What it means for you
If you have type 1 or type 2 diabetes, you may be at higher risk of having:
- a large baby – which increases the risk of a difficult birth, having your labour induced or needing a caesarean section
- a miscarriage
People with diabetes are at risk of developing problems with their eyes (diabetic retinopathy) and kidneys (diabetic nephropathy).
Some people with type 1 diabetes can develop diabetic ketoacidosis, where harmful chemicals called ketones build up in the blood.
Pregnancy can increase your risk of developing these problems or make existing ones worse.
What it means for your baby
If you have type 1 or type 2 diabetes, your baby may be at higher risk of:
- having health problems shortly after birth, such as heart and breathing problems, and needing hospital care
- developing obesity or diabetes later in life
There's also a slightly higher chance of your baby being born with birth defects, particularly heart and nervous system abnormalities, or being stillborn or dying soon after birth.
But managing your diabetes well, before and during your pregnancy, will help to reduce these risks.
Reducing the risks
The best way to reduce the risks to you and your baby is to ensure your diabetes is well controlled before you become pregnant.
Before you start trying for a baby, ask your GP or diabetes specialist (diabetologist) for advice. You should be referred to a diabetic pre-conception clinic for support.
You should be offered a blood test, called an HbA1c test, every month. This measures the level of glucose in your blood.
It's best if the level is no more than 6.5% before you get pregnant. If you can't get your level below 6.5%, try to get it as close as possible to reduce the risk of complications for you and your baby.
If your blood glucose level is above 10%, your care team should strongly advise you not to try for a baby until it has fallen.
You should continue using contraceptives until you get your blood glucose under control. Your GP or diabetes specialist can advise you on how best to do this.
If you have type 1 diabetes, you should be given testing strips and a monitor to test your blood ketone levels, to check for diabetic ketoacidosis. You should use these if your blood glucose levels are high, or if you are vomiting or have diarrhoea.
Women with diabetes should take a higher dose of 5 milligrams (mg) of folic acid each day while trying to get pregnant and until they are 12 weeks pregnant.

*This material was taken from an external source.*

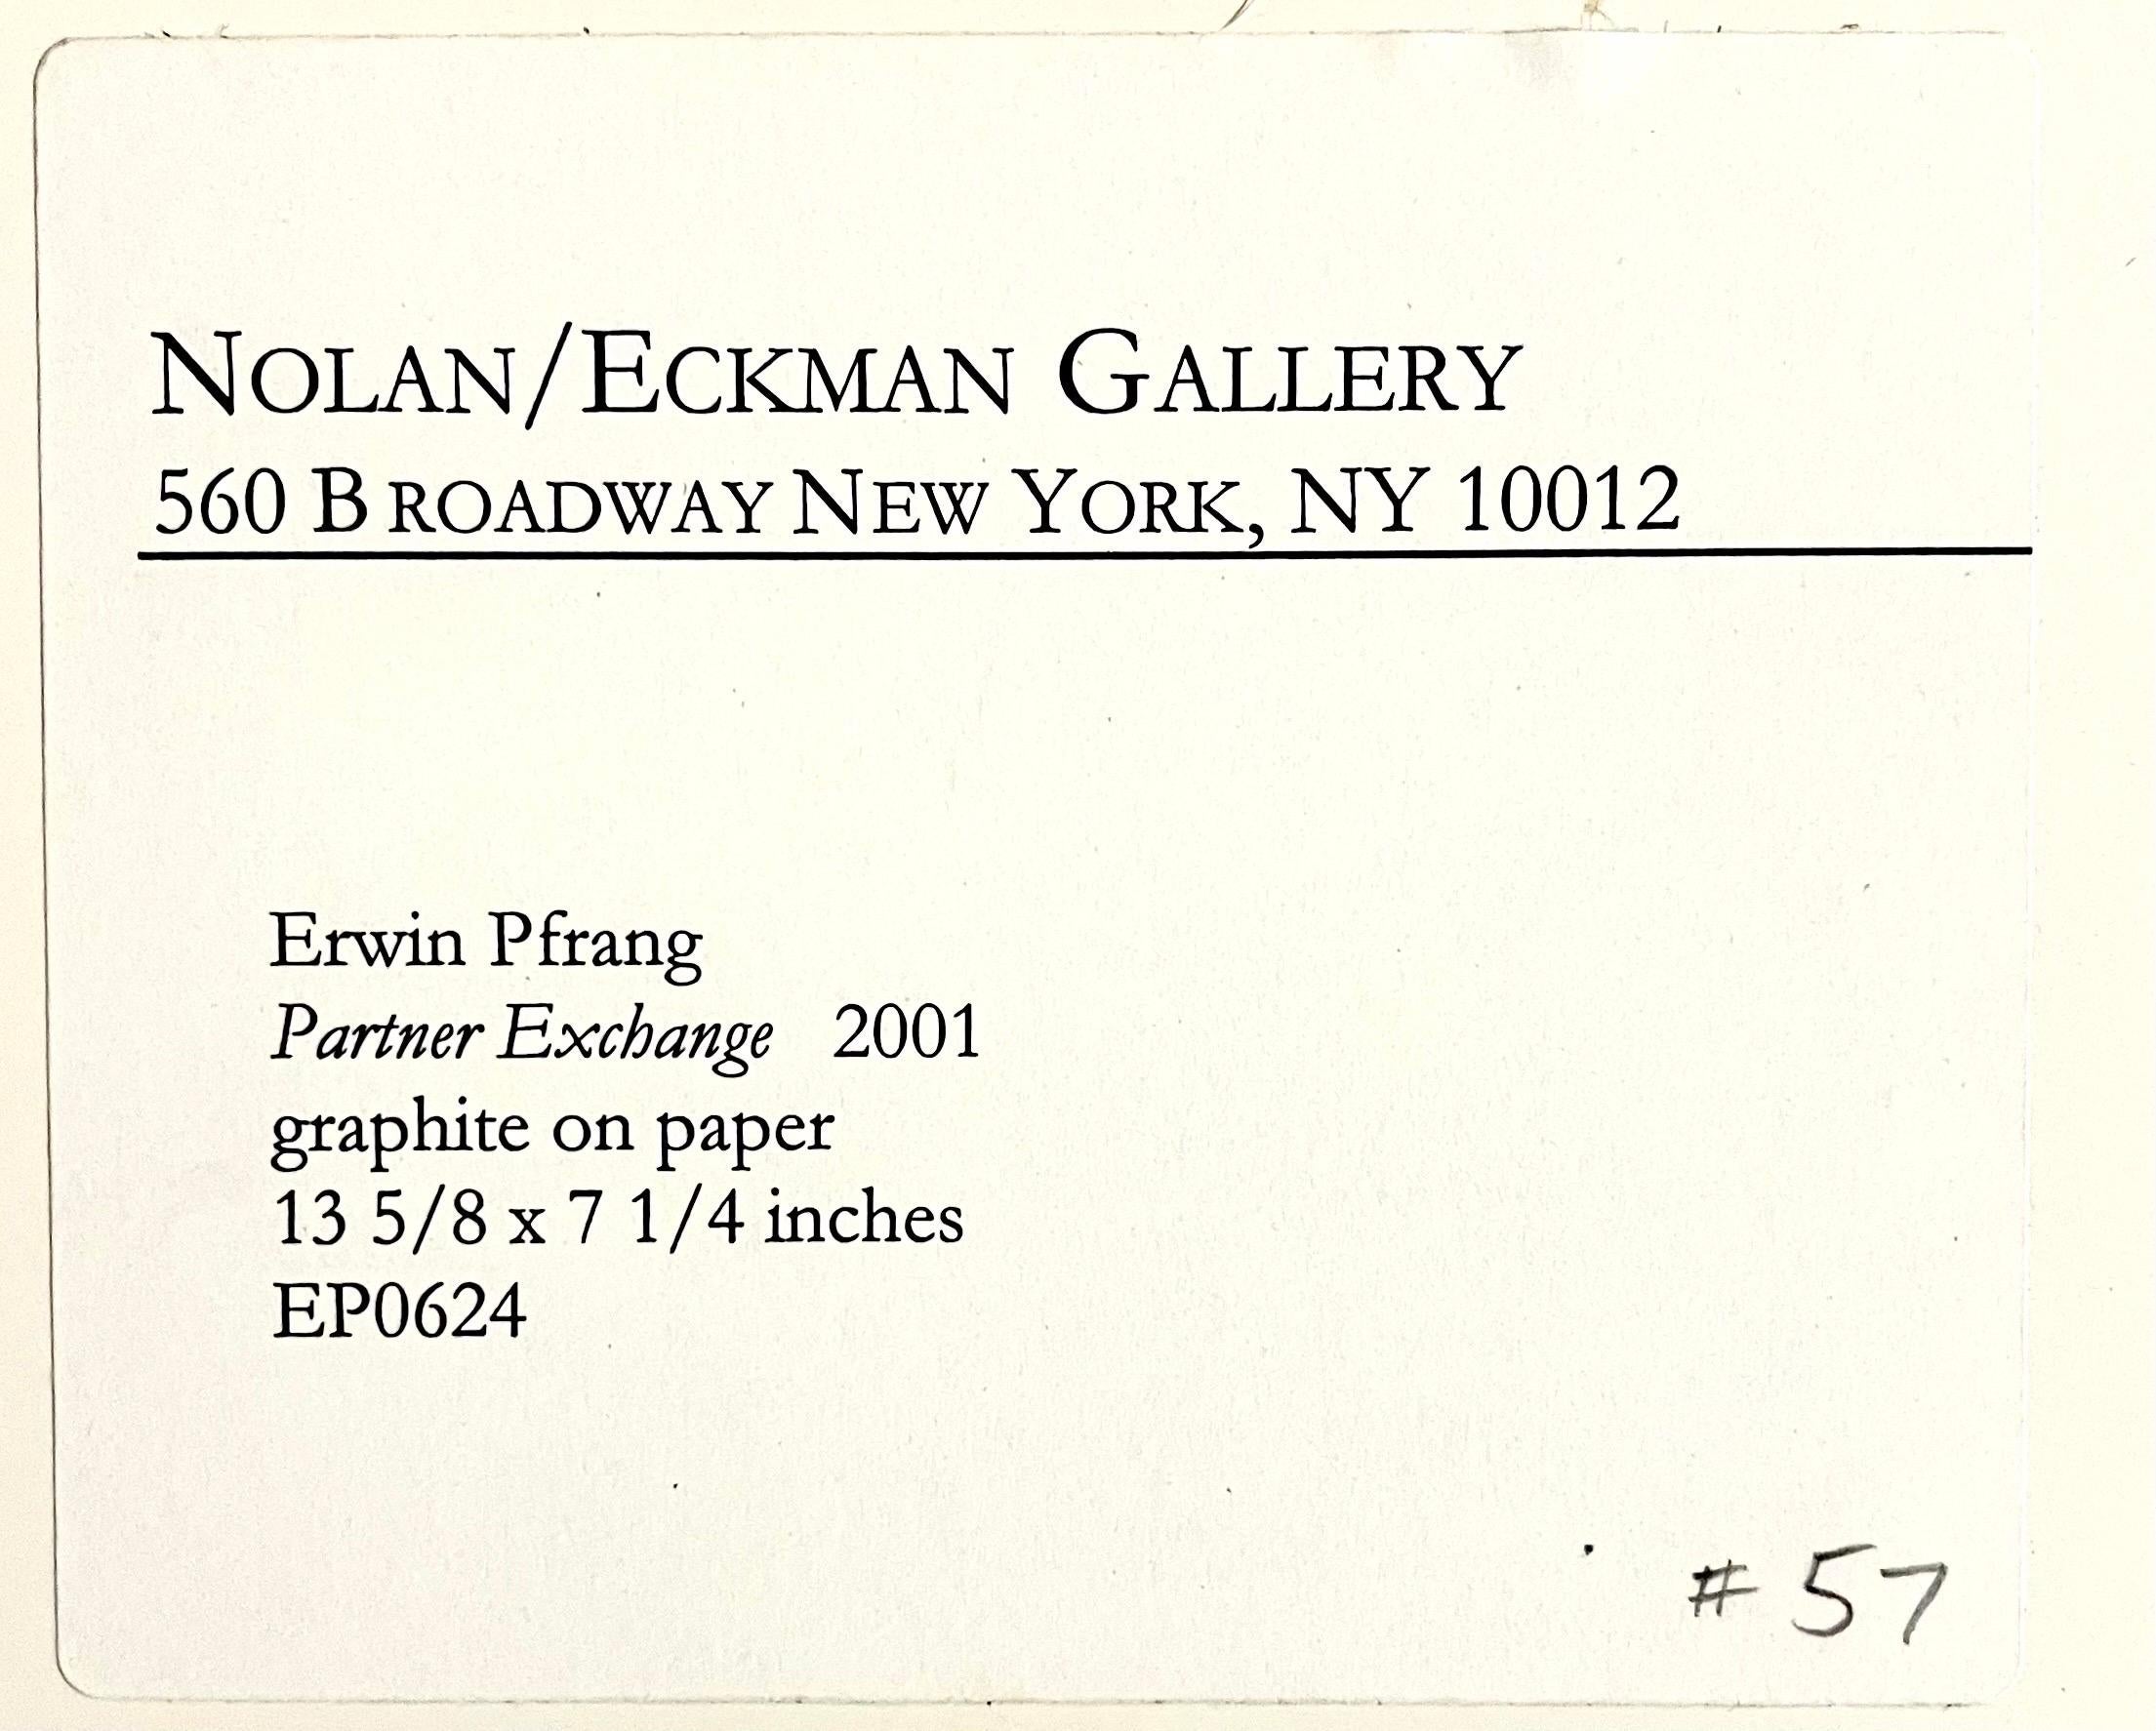 German Neo Expressionist Graphite Drawing Erwin Pfrang Nolan Eckman Gallery NYC For Sale 2

Your doctor will have to prescribe this, as 5mg tablets are not available over the counter.
Taking folic acid helps to prevent your baby from developing birth defects, such as spina bifida.
Your diabetes treatment in pregnancy
Your doctors may recommend changing your treatment regime during pregnancy.
If you usually take tablets to control your diabetes, you'll normally be advised to switch to insulin injections, either with or without a drug called metformin.
If you already use insulin injections to control your diabetes, you may need to switch to a different type of insulin.
If you take drugs for conditions related to your diabetes, such as high blood pressure, these may have to be changed.
It's very important to attend any appointments made for you so that your care team can monitor your condition and react to any changes that could affect your or your baby's health.
You will need to monitor your blood glucose levels more frequently during pregnancy, especially since nausea and vomiting (morning sickness) can affect them. Your GP or midwife will be able to advise you on this.
Keeping your blood glucose levels low may mean you have more low-blood-sugar (hypoglycaemic) attacks ("hypos"). These are harmless for your baby, but you and your partner need to know how to cope with them. Talk to your doctor or diabetes specialist.
Diabetic eye screening in pregnancy
You will be offered regular diabetic eye screening during your pregnancy. This is to check for signs of diabetic eye disease (diabetic retinopathy).
Screening is very important when you are pregnant because the risk of serious eye problems is greater in pregnancy.
Diabetic retinopathy is treatable, especially if it is caught early.
If you decide not to have the test, you should tell the clinician looking after your diabetes care during pregnancy.
Labour and birth
If you have diabetes, it's strongly recommended that you give birth in a hospital with the support of a consultant-led maternity team.
Your doctors may recommend having your labour started early (induced) because there may be an increased risk of complications for you or your baby if your pregnancy carries on for too long.
If your baby is larger than expected, your doctors might discuss your options for the delivery and may suggest an elective caesarean section.
Your blood glucose should be measured every hour during labour and birth. You may be given a drip in your arm with insulin and glucose if there are problems.
After the birth
Feed your baby as soon as possible after the birth – within 30 minutes – to help keep your baby's blood glucose at a safe level.
Your baby will have a heel prick blood test a few hours after they're born to check if their blood glucose level is too low.
If your baby's blood glucose can't be kept at a safe level, or they are having problems feeding, they may need extra care. Your baby may need to be fed through a tube or given a drip to increase their blood glucose.
Read more about special care for babies.
When your pregnancy is over, you won't need as much insulin to control your blood glucose. You can decrease your insulin to your pre-pregnancy dose or return to the tablets you were taking before you became pregnant. Talk to your doctor about this.
You should be offered a test to check your blood glucose levels before you go home and at your 6-week postnatal check. You should also be given advice on diet and exercise.